LinnCo, LLC—Non-accelerated filer

Linn Energy, LLC—Large accelerated filer

If applicable, place an X in the box to designate the appropriate rule provision relied upon in conducting this transaction:

Exchange Act Rule 13e-4(i) (Cross-Border Issuer Tender Offer)  ¨

Exchange Act Rule 14d-1(d) (Cross-Border Third-Party Tender Offer)  ¨

CALCULATION OF REGISTRATION FEE

 

 

Title of Each Class of
Securities to be Registered
  Amount
to be
Registered(1)
  Proposed Maximum
Offering Price Per
Share of Common Stock
  Proposed Maximum
Aggregate
Offering Price(2)
  Amount of
Registration Fee(3)(4)

Common shares of LinnCo, LLC

 

96,298,108

  N/A   $2,854,551,040   $387,770

 

(1) Based on (a)(i) 52,722,863 shares of Class A common stock, par value $0.01 per share, of Berry Petroleum Company (“Berry”) (“class A common shares”) outstanding as of November 12, 2013, (ii) 1,763,866 shares of Class B common stock, par value $0.01 per share, of Berry (“class B common shares” and together with the class A common shares, the “Berry common shares”) outstanding as of November 12, 2013 and (iii) 2,833,573 Berry common shares reserved for issuance upon exercise or settlement of outstanding equity-based awards under various Berry equity incentive compensation plans as of November 12, 2013 and (b) the exchange ratio of 1.68 common shares of LinnCo, LLC for each Berry common share.
(2) Calculated pursuant to Rule 457(f)(1) and Rule 457(c) under the Securities Act of 1933, as amended, solely for the purpose of calculating the registration fee based on the average of the high and low prices for class A common shares (the securities to be cancelled in the transactions) as reported on the New York Stock Exchange on November 7, 2013 ($49.80 per share), multiplied by the estimated number of shares (57,320,302) that may be exchanged or converted for the securities registered.
(3) The registration fee for the securities registered hereby has been calculated pursuant to Section 6(b) of the Securities Act of 1933, as amended.
(4) The total registration fee includes $360,779 that was previously paid for the registration of $2,645,001,066 of proposed maximum aggregate offering price in the filing of the Registration Statement on March 22, 2013 and $26,991 for the registration of an additional $209,549,974 of proposed aggregate offering price registered hereby.

 

 

The Registrants hereby amend this Registration Statement on such date or dates as may be necessary to delay its effective date until the Registrants shall file a further amendment which specifically states that this Registration Statement shall thereafter become effective in accordance with Section 8(a) of the Securities Act of 1933, as amended, or until the Registration Statement shall become effective on such dates as the Commission, acting pursuant to said Section 8(a), may determine.

 

 

 


EXPLANATORY NOTE

This Amendment No. 8 to the Registration Statement on Form S-4 (File No. 333-187484) is being filed solely to amend the Calculation of Registration Fee Table on the cover page of the Registration Statement.


PART II

INFORMATION NOT REQUIRED IN PROSPECTUS

Item 20.  Indemnification of Directors and Officers.
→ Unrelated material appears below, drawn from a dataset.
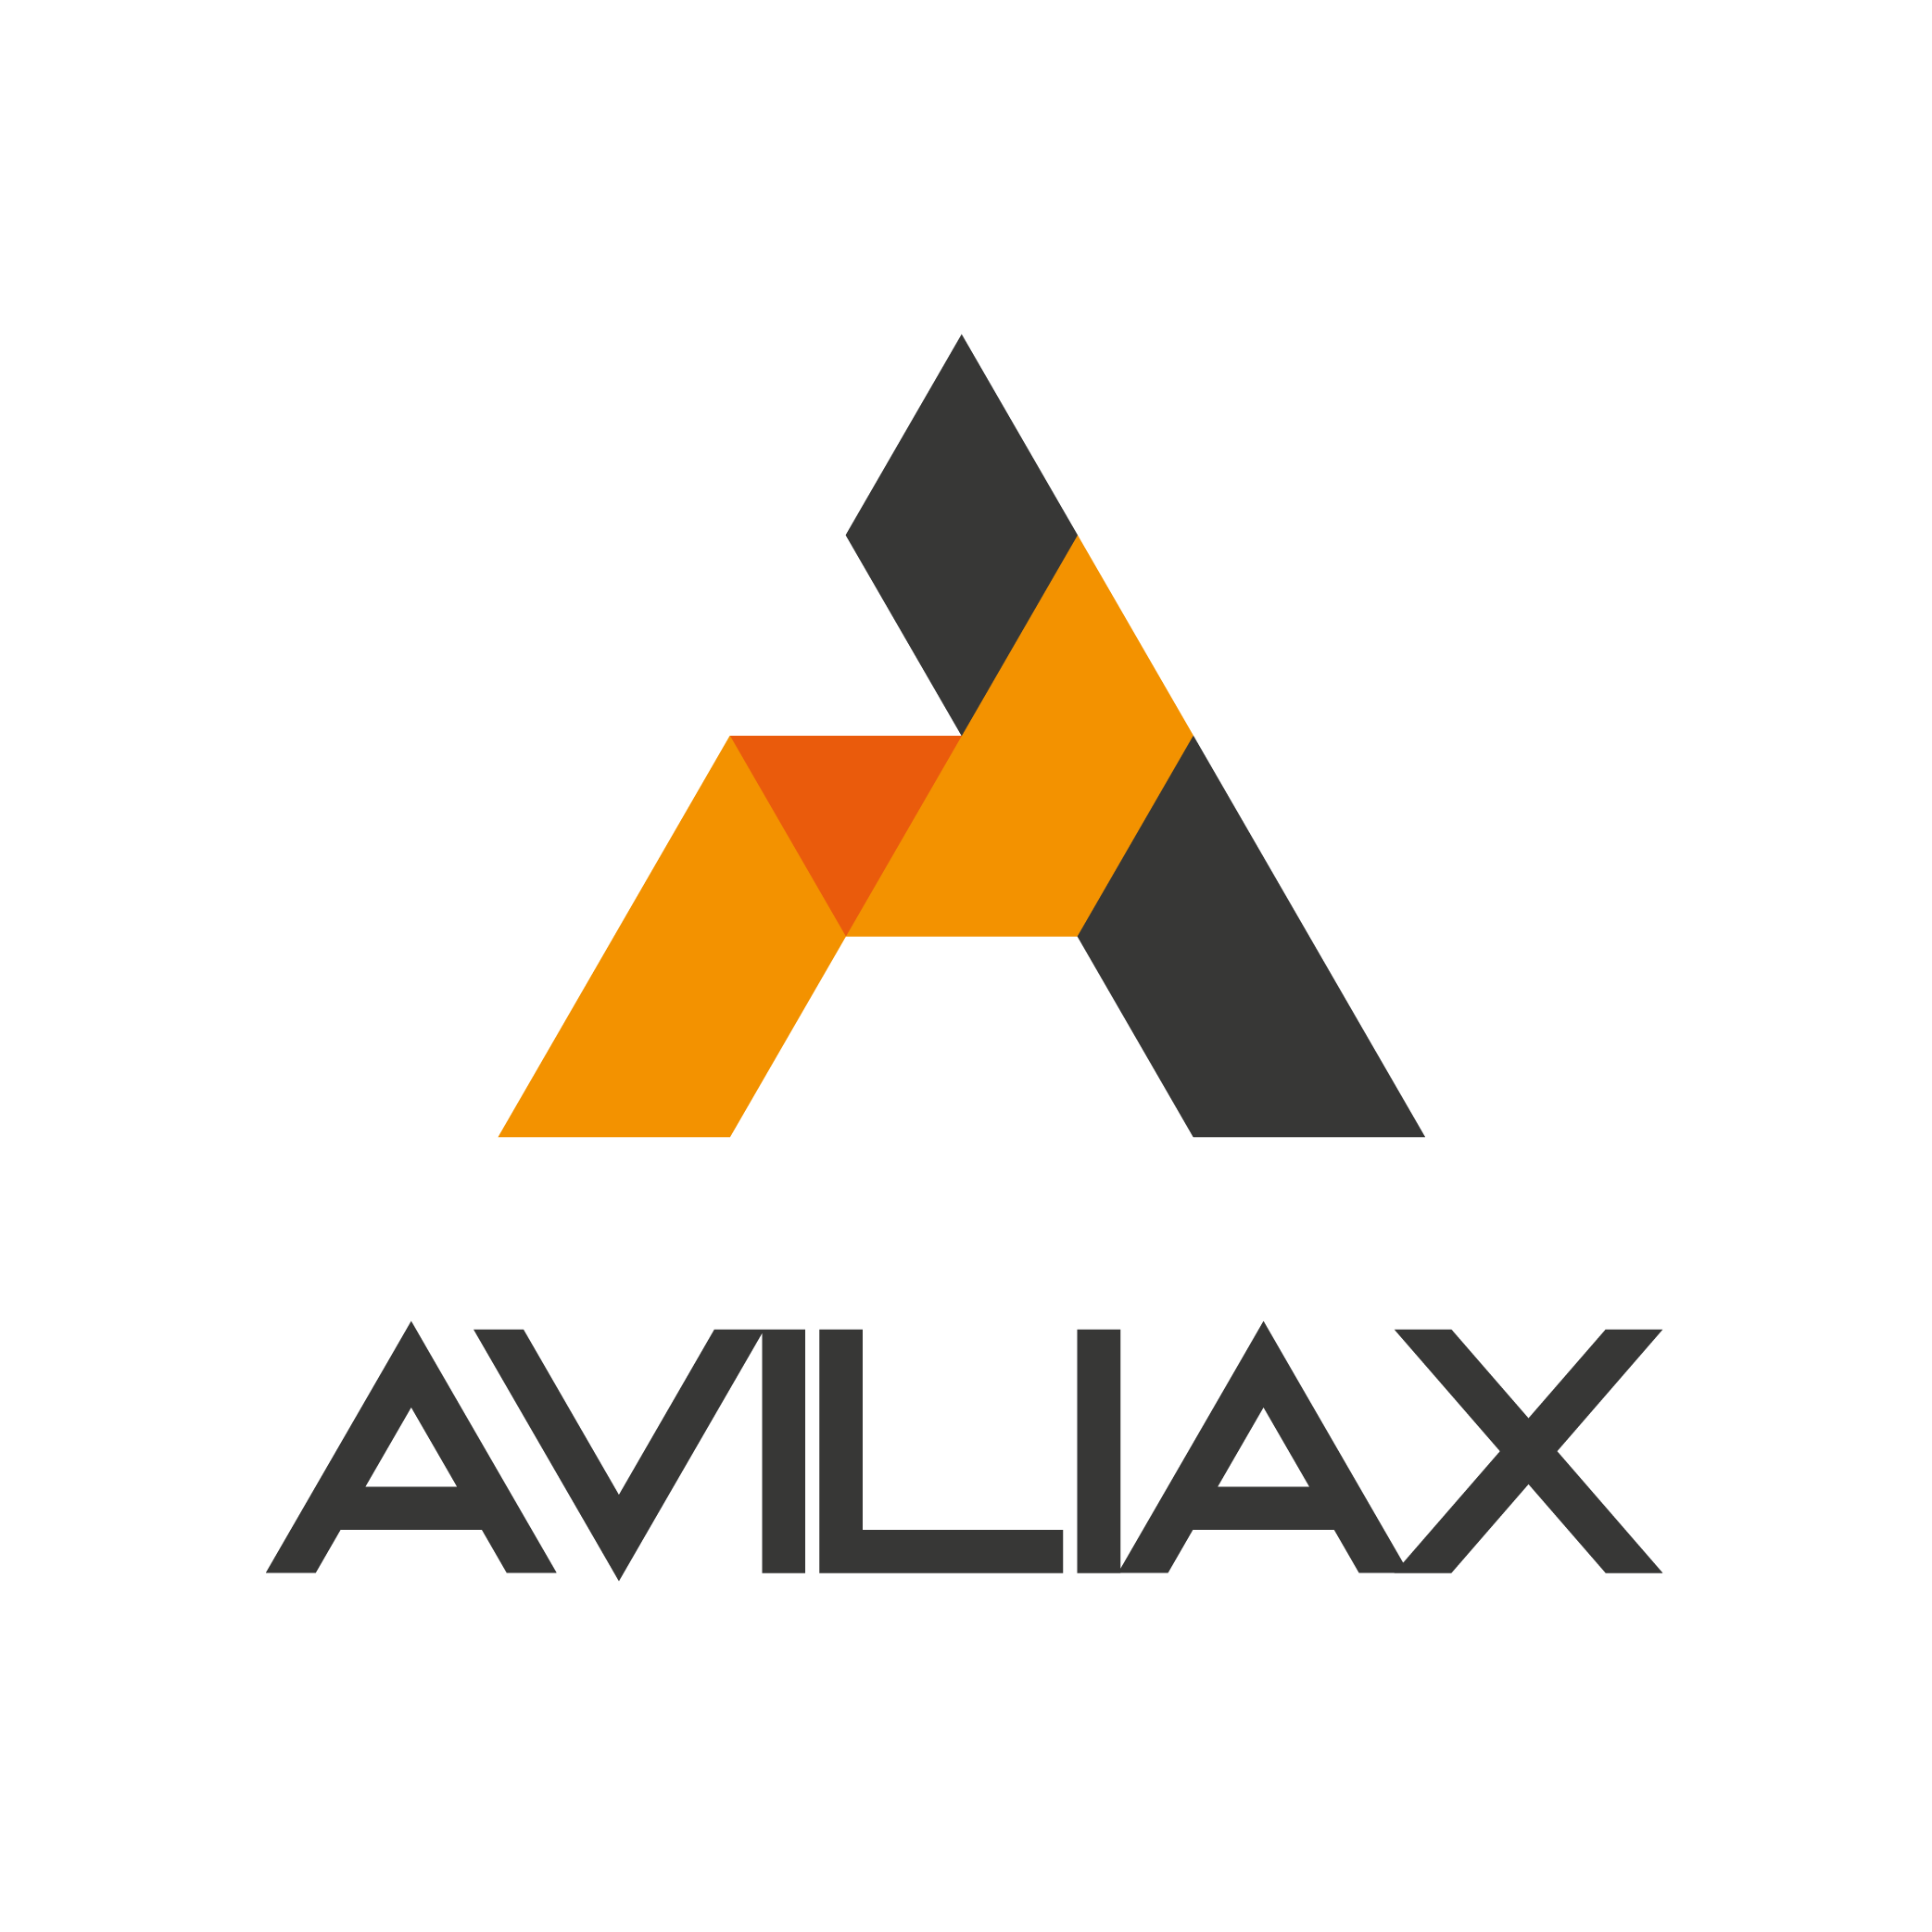 Aviliax

LinnCo’s limited liability company agreement provides that LinnCo will generally indemnify officers and members of LinnCo’s board of directors against all losses, claims, damages or similar events. LinnCo’s limited liability company agreement is filed as an exhibit to the registration statement. Subject to any terms, conditions or restrictions set forth in LinnCo’s limited liability company agreement, Section 18-108 of the Delaware Limited Liability Company Act (the “LLC Act”) empowers a Delaware limited liability company to indemnify and hold harmless any member or manager or other person from and against all claims and demands whatsoever. LinnCo has also entered into individual indemnity agreements with each of its executive officers and directors which supplement the indemnification provisions in its limited liability company agreement.

LINN’s limited liability company agreement provides that LINN will generally indemnify officers and members of LINN’s board of directors against all losses, claims, damages or similar events. LINN’s limited liability company agreement is filed as an exhibit to the registration statement. Subject to any terms, conditions or restrictions set forth in LINN’s limited liability company agreement, Section 18-108 of the LLC Act empowers a Delaware limited liability company to indemnify and hold harmless any member or manager or other person from and against all claims and demands whatsoever. LINN has also entered into individual indemnity agreements with each of its executive officers and directors which supplement the indemnification provisions in its limited liability company agreement.

Item 21.  Exhibits and Financial Statement Schedules.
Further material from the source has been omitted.